In this blog, we examine one of the fundamentals of panel data analysis, the one-way error component model. Today we will:

- Explain the theoretical one-way error component model.
- Consider fixed effects vs. random effects.
- Estimate models using an empirical example.

## The theoretical one-way error component model

The one-way error-component model is a panel data model which allows for individual-specific or temporal-specific error components

$$ \begin{equation}y_{it} = \alpha + X_{it} \beta + u_{it} \label{OWEM}\end{equation}$$ $$ u_{it} = \mu_{i} + \nu_{it} $$

where the subscript *i* indicates cross-sections of households, individuals, firms, countries, etc. and the subscript *t* indicates time periods.

In this model, the individual-specific error component, $\mu_{i}$, captures any unobserved effects that are different across individuals but fixed across time.
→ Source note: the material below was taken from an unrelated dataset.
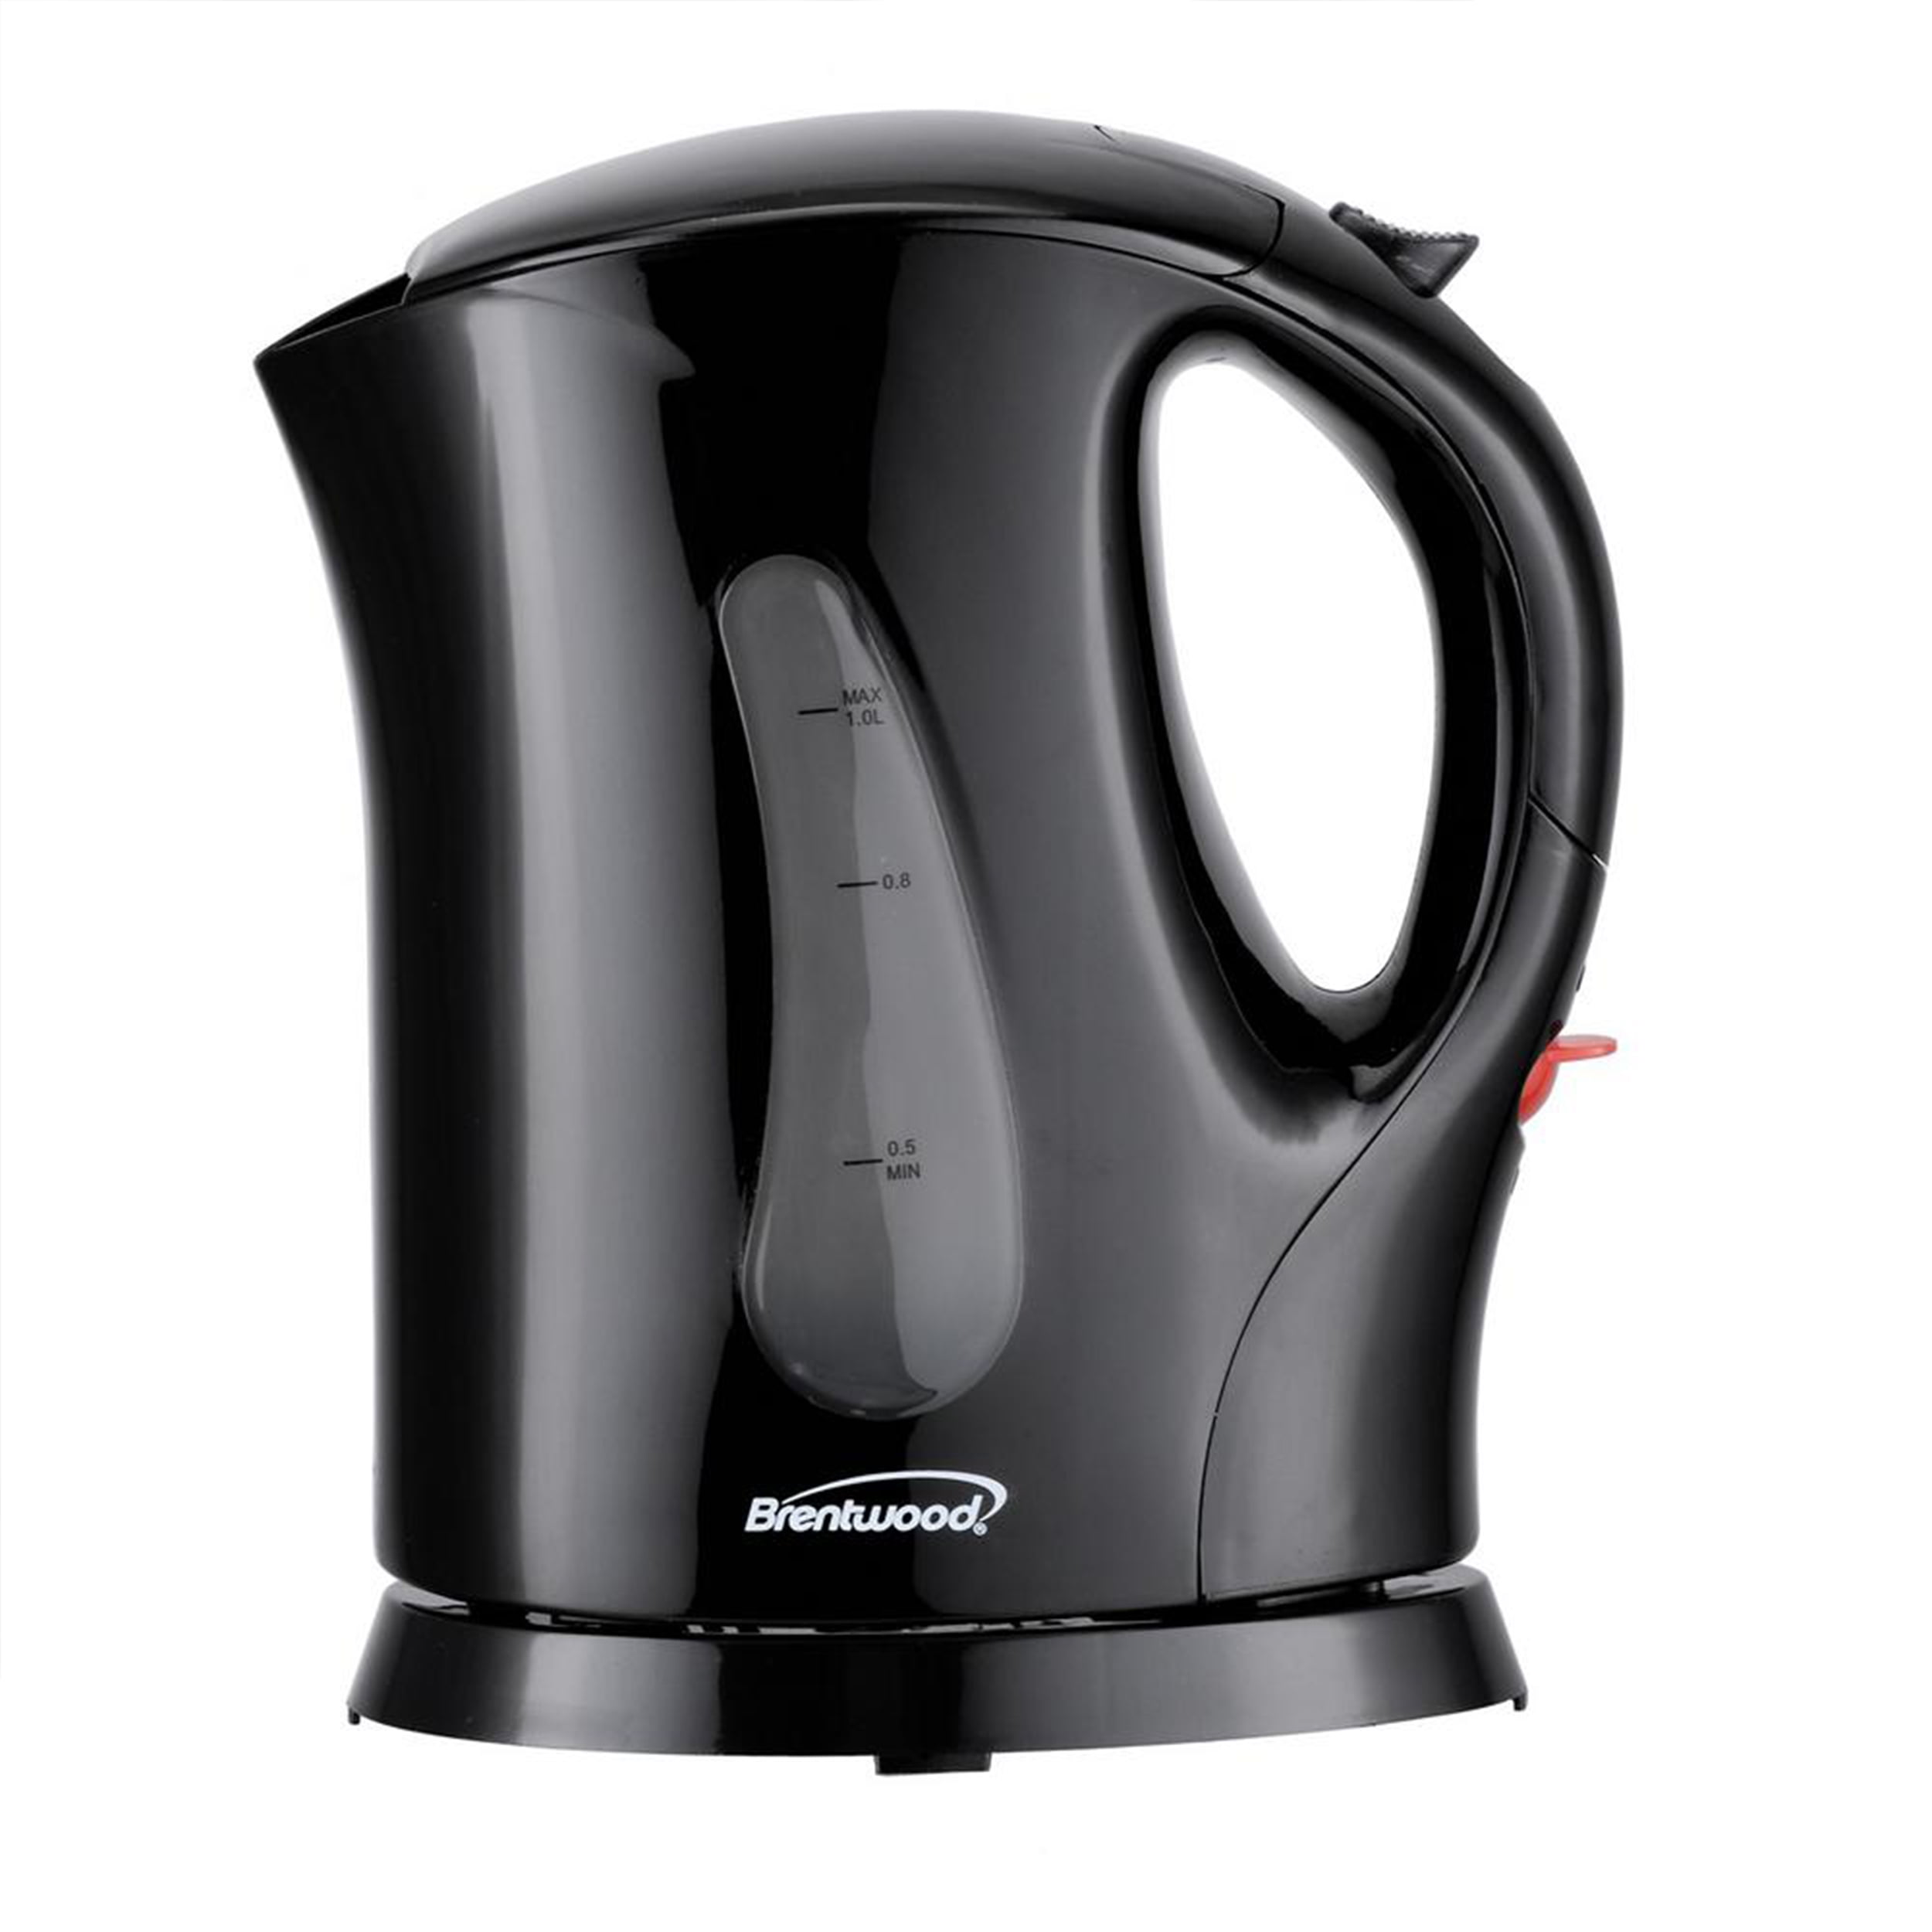 Brentwood Appliances BPA-Free 1-liter Cordless Electric Kettle

The one-way error component model | |

$\alpha$ | Variable of interest which measures an intercept that is constant across all individuals and time periods. |

$\beta$ | Variable of interest which measures the effect of x on y. It is constant across all individuals and time periods. |

$\mu_i$ | Individual-specific variation in y which stays constant across time for each individual.In the fixed effects model this is an individual-specific effect to be estimated.In the random effects model this follows a random distribution with parameters that must be estimated. |

$\nu_{it}$ | Usual stochastic regression disturbance which varies across time and individuals. |

## Fixed effects vs. random effects

The two most common approaches to modeling individual-specific error components are the fixed effects model and the random effects model.

The key difference between these two approaches is how we believe the individual error component behaves.
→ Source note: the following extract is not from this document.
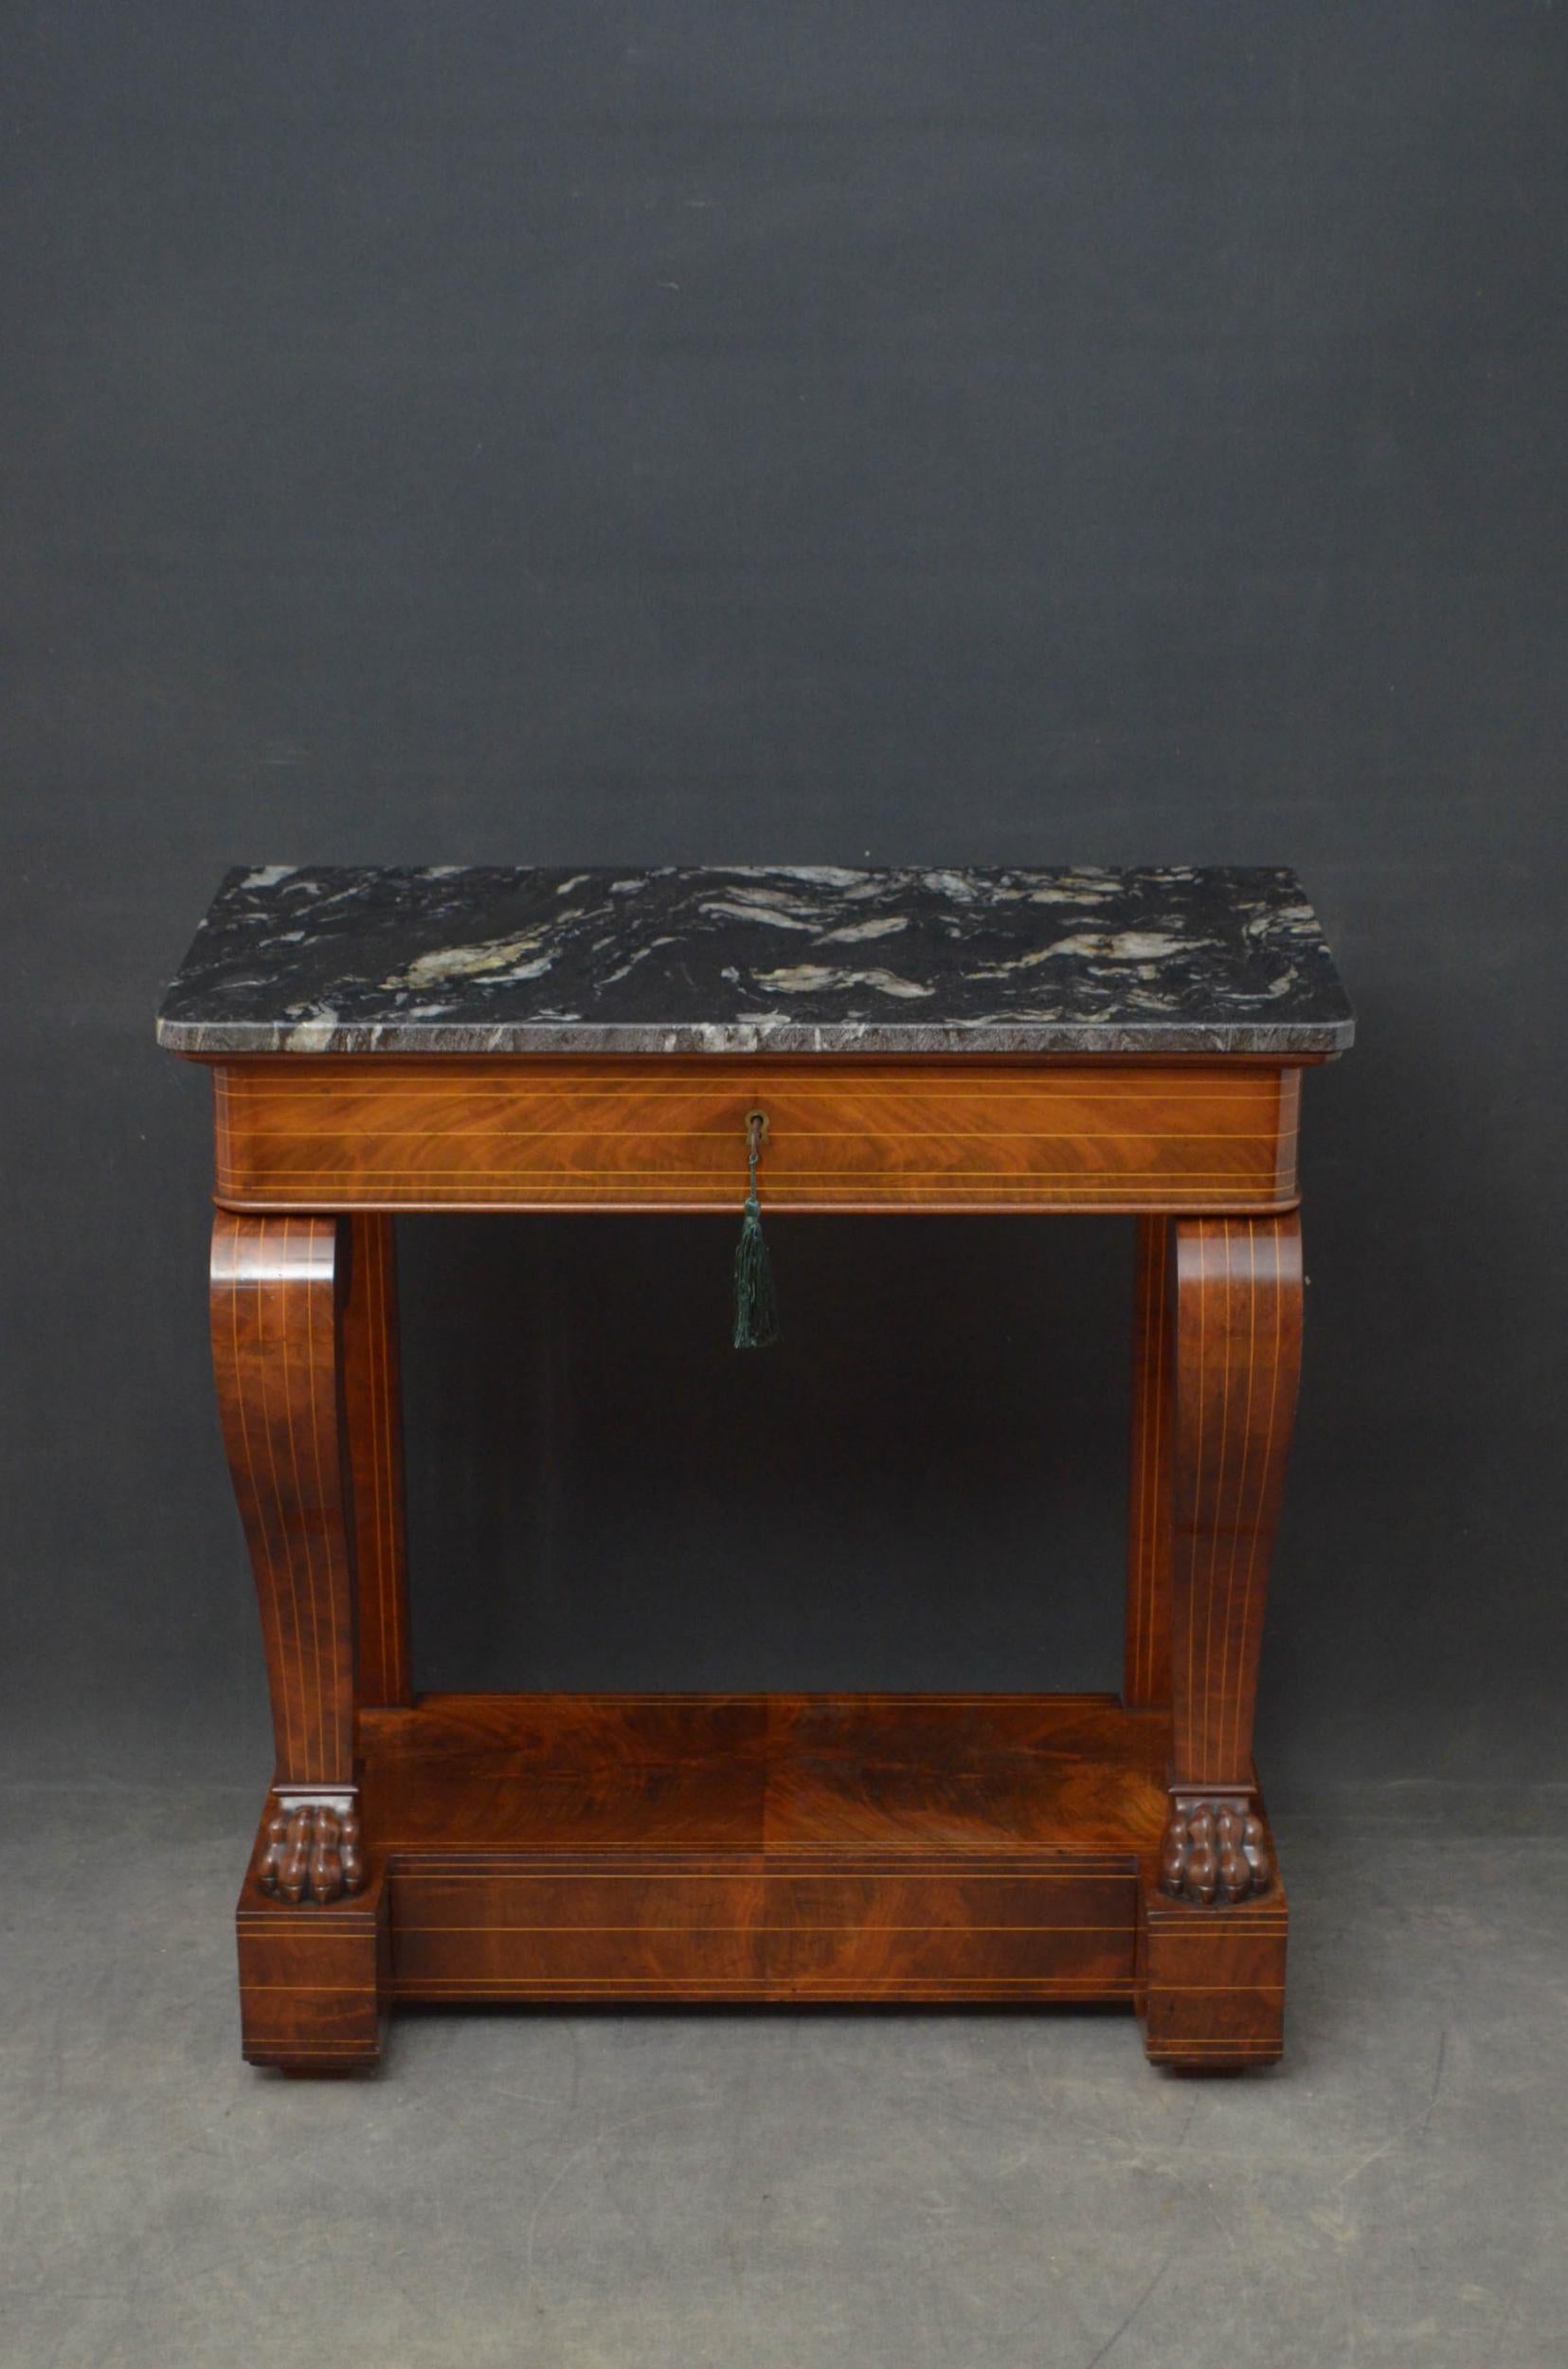 Sn4679 Fine quality French hall table in mahogany, having marble top above flamed mahogany, satinwood string inlaid drawer fitted with original working lock and a key, raised on S shaped inlaid supports with paw feet terminating in flamed mahogany

### The fixed effects model

In the fixed effects model the individual error component:

- Can be thought of as an individual-specific intercept term.
- Captures any omitted variables that are not included in the regression.
- Is correlated with other variables included in the model.

Given these assumptions, the fixed effects model can be thought of as a pooled OLS model with individual specific intercepts:

$$\begin{equation}y_{it} = \delta_{i} + X_{it} \beta + \nu_{it}\label{FEM}\end{equation}$$

The intercept term, $\delta_i$, varies across individuals but is constant across time for each individual. This term is composed of the constant intercept term, $\alpha$, and the individual-specific error terms, $\mu_i$.

The distinguishing feature of the fixed effects model is that $\delta_i$ has a true, but unobservable, effect which we must estimate.

### The random effects model

In the random effects model the individual-specific error component, $\mu_i$:

- Is distributed randomly and is independent of $\nu_{it}$.
- Occurs in cases where individuals are drawn randomly from a large population, such as household studies (Baltagi, 2008).
- Is assumed to be uncorrelated with all other variables in the model.
- Random effects impact our model through the covariance structure of the error term.

For example, consider the total error disturbance in the model, $ u_{it} = \mu_{i} + \nu_{it} $. The covariance of the error at time *t* and time *s* depends on the variance of both $\mu_{i}$ and $\nu_{it}:$

$$\begin{equation}cov(u_{it}, u_{is}) = \left\{ \begin{array}{ll} \sigma_{\mu}^2 & \text{for } t \neq s \\ \sigma_{\mu}^2 + \sigma_{\nu}^2 & \text{for } t = s \\ \end{array} \right. \label{REM}\end{equation} $$

The distinguishing feature of the random effects model is that $\mu_i$ does not have a true value but rather follows a random distribution with parameters that we must estimate.

## Estimation

### The fixed effects model

In the fixed effects model, the individual effects introduce an endogeneity that will result in biased estimates if not properly accounted for.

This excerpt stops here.